O CIF-OIT tem um mandato prodigioso, especialmente na sua ligação à OIT e ao mundo do trabalho digno, o qual, como pode imaginar, deve ter uma componente muito forte de igualdade de género e empoderamento das mulheres. O Centro, enquanto pólo de conhecimento que atrai pessoas de dentro e de fora do sistema, funciona como uma plataforma eficaz para gerar e disseminar conhecimentos e sensibilizar para as políticas e práticas diretamente relacionadas com a igualdade de género e o empoderamento das mulheres em todo o mundo. Isto também implica, no entanto, que o CIF-OIT melhore e expanda os seus próprios conhecimentos técnicos nesta área tão importante. Esperamos, assim, que o CIF-OIT consiga reforçar e intensificar os recursos dedicados aos conhecimentos técnicos sobre igualdade de género. Para conseguir alcançar o seu enorme potencial e capitalizar a sua posição e abrangência, é absolutamente fundamental para o CIF-OIT possuir um mínimo de conhecimentos técnicos sobre igualdade de género e empoderamento das mulheres e meninas.

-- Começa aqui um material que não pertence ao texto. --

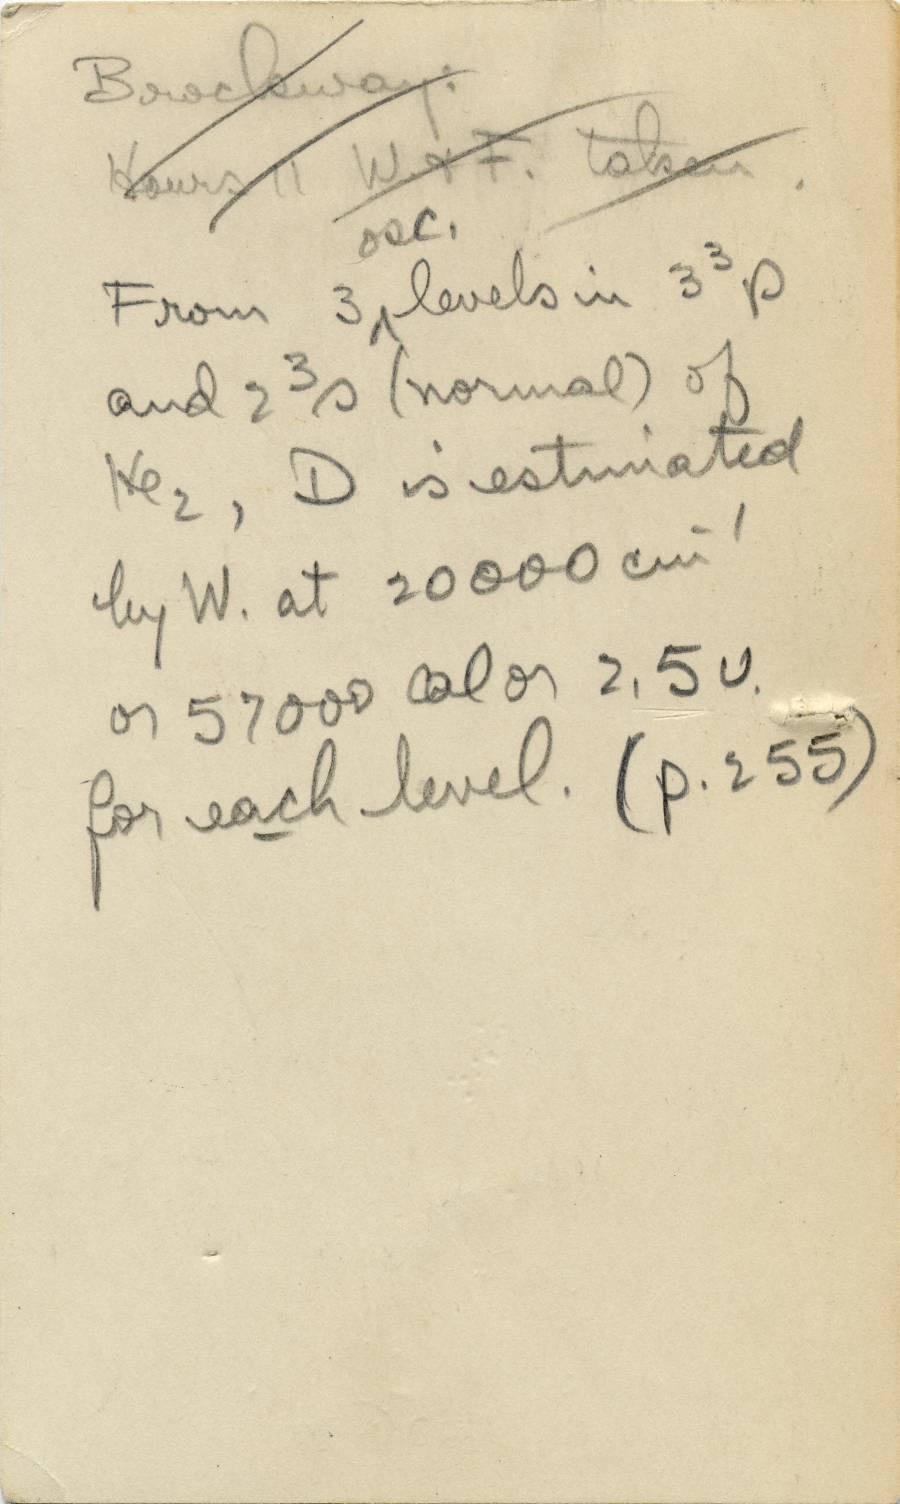 Manuscript - Page 30a

Sinceramente, não é de todo possível implementar os ODS e alcançar um mundo onde ninguém é deixado para trás – o objetivo explícito da Agenda 2030 – sem incorporar plenamente as mulheres nesse processo e em todo o lado, e sem tornar a igualdade de género e o empoderamento das mulheres um foco central de qualquer trabalho em que nos envolvamos.

 

Como encara o futuro, ou seja, tem uma visão positiva do progresso das mulheres?

Estou convencida de que não há outra opção a não ser ter esperança. A esperança é o fundamento do progresso; se perdermos a esperança, eliminamos as sementes do progresso. Por isso sim, tenho uma visão muito esperançosa do futuro. Sim, todos nós precisamos de fazer mais pois ainda há tanto para fazer. No entanto, é igualmente verdade que temos feito mais do que nunca – enquanto sistema das Nações Unidas e como entidade mandatada para apoiar a concretização da igualdade de género em todo o lado e sempre.

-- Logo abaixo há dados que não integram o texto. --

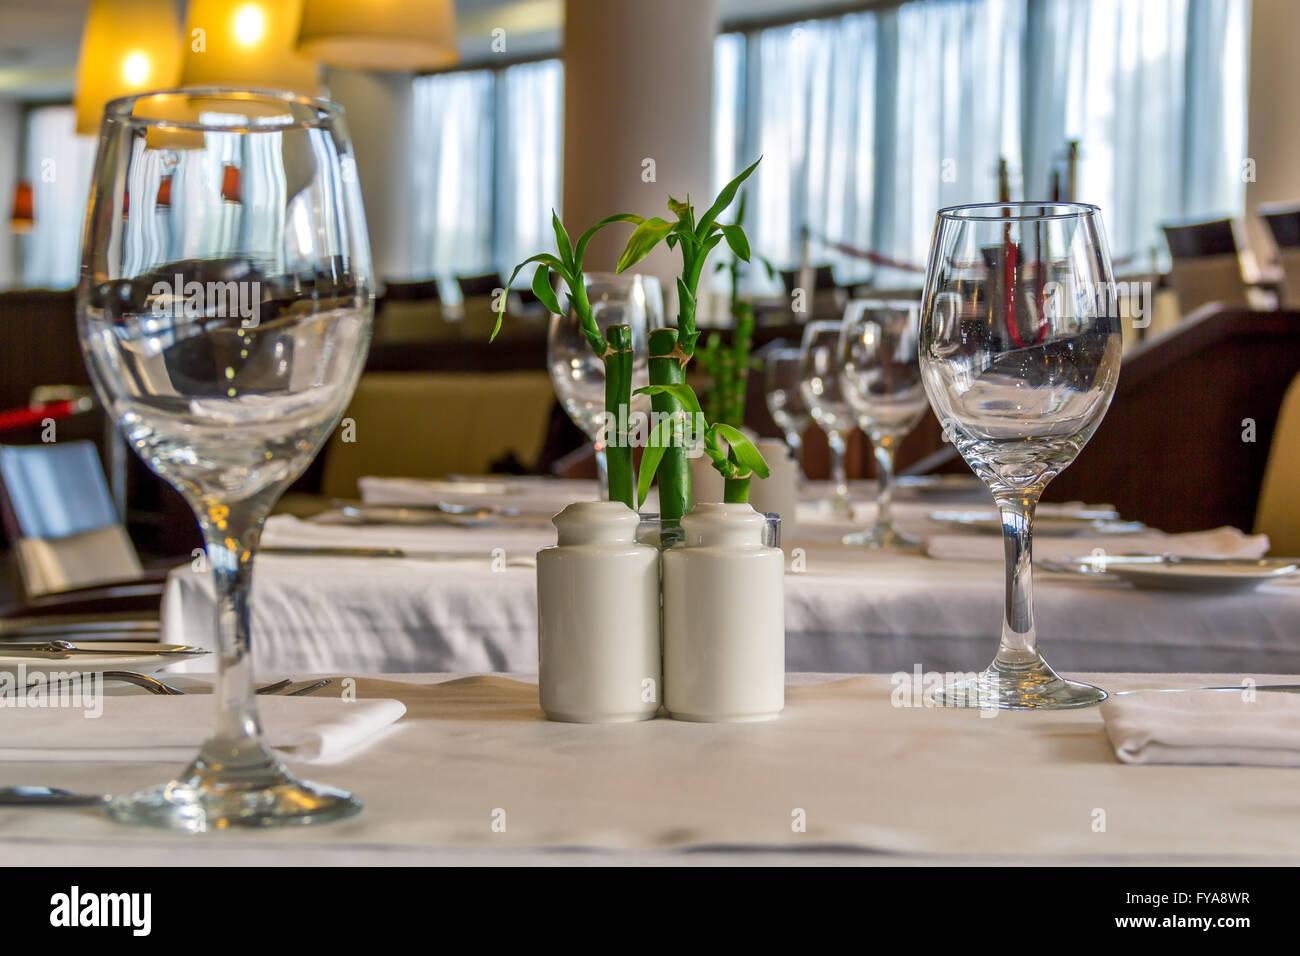 Gehobene Küche in einem feinen restaurant Stockbild

Sinto, por exemplo, que o facto de termos negociado e acordado um modelo tão abrangente, ambicioso e visionário como a Agenda 2030 constitui, em si mesmo, uma afirmação que sustenta este tipo de esperança. É um imperativo tanto político como moral, e a igualdade de género ocupa uma posição central nisso. O mundo está tão cheio de problemas, vivemos tempos muito difíceis. Ainda assim, não só acredito na esperança, como também acredito que incorporar e integrar a igualdade das mulheres em todos os níveis e em todo o lado oferece ao mundo a sua melhor esperança. É uma questão de dar uma oportunidade ao paradigma da verdadeira igualdade.